I'm left wondering if the "Boot EFI Network" option should actually be waiting for negotiation, however. I'm sure it's common on first boot that the network needs a little time to negotiate. I'll look into that. Perhaps there is a setting or an override to tell it to be patient?
AutoNegotiate() in "EmbeddedPkg/Drivers/Lan9118Dxe/Lan9118DxeUtil.c" uses a fixed timeout of 2000 * LAN9118_STALL (where LAN9118_STALL is 2 microseconds). LAN9118_STALL seems extremely short, but even if it is correct as a polling interval for the NIC, the 2000 should be made a PCD, probably.

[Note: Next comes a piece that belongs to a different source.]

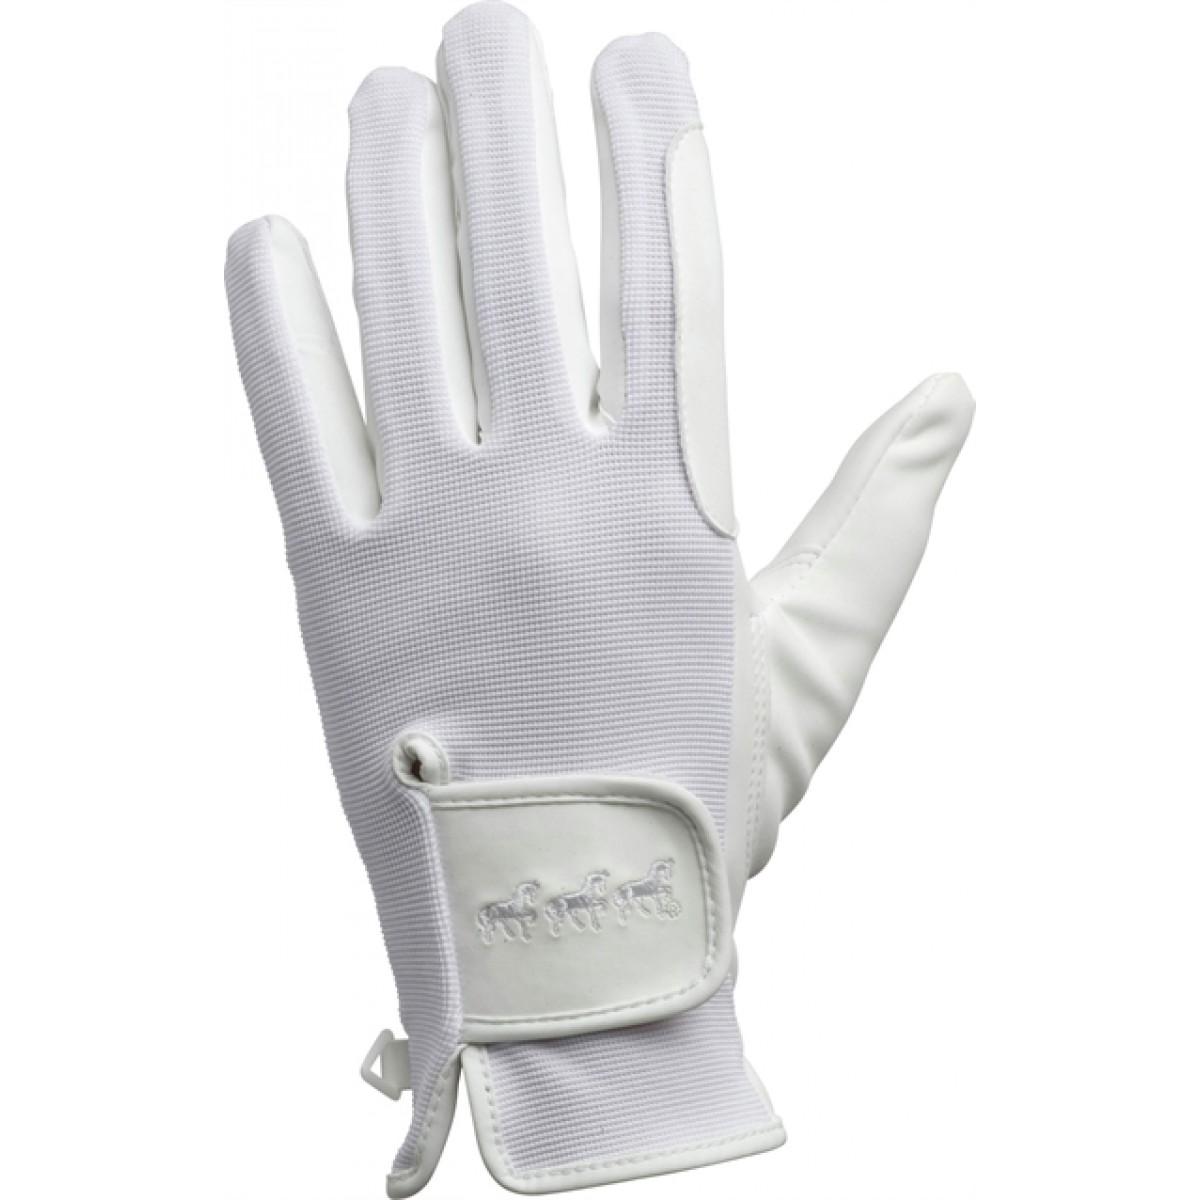 Equipage Stretch Handske

As you'll see, I've just submitted a patch to convert the value to a PCD, keeping the same default value.
If I use this patch and another patch in the Juno .dsc file to set the PCD to 2000, then networking works just fine. I don't need any extra stalls in the platform code.
I've spent all day trying to test the same patches on Versatile Express TC2, but I've now discovered that ethernet doesn't even work on my TC2 even from the very time the driver was submitted. And it was submitted specifically for TC2. Quality.
Just an FYI on this TC2 issue:
LAN9118 works on release builds but not on debug builds.
I've traced back to the original "known good" code from before the LAN9118 driver was submitted and it shows the same symptoms: debug bad, release good.
Either way, to get TC2 to auto-negotiate, I have to set the new PCD timeout to 10 times higher than the one on Juno. Currently I'm using 400000. But transmit still fails no matter what.
Of course, the problems could be nothing to do with LAN9118. To eliminate the networking stack, I tried with the FVP models and they work under release and debug, although debug gives repeated errors:
LAN91x: SnpTransmit(): TxQueue insert failure.
So nothing conclusive there. More work is needed.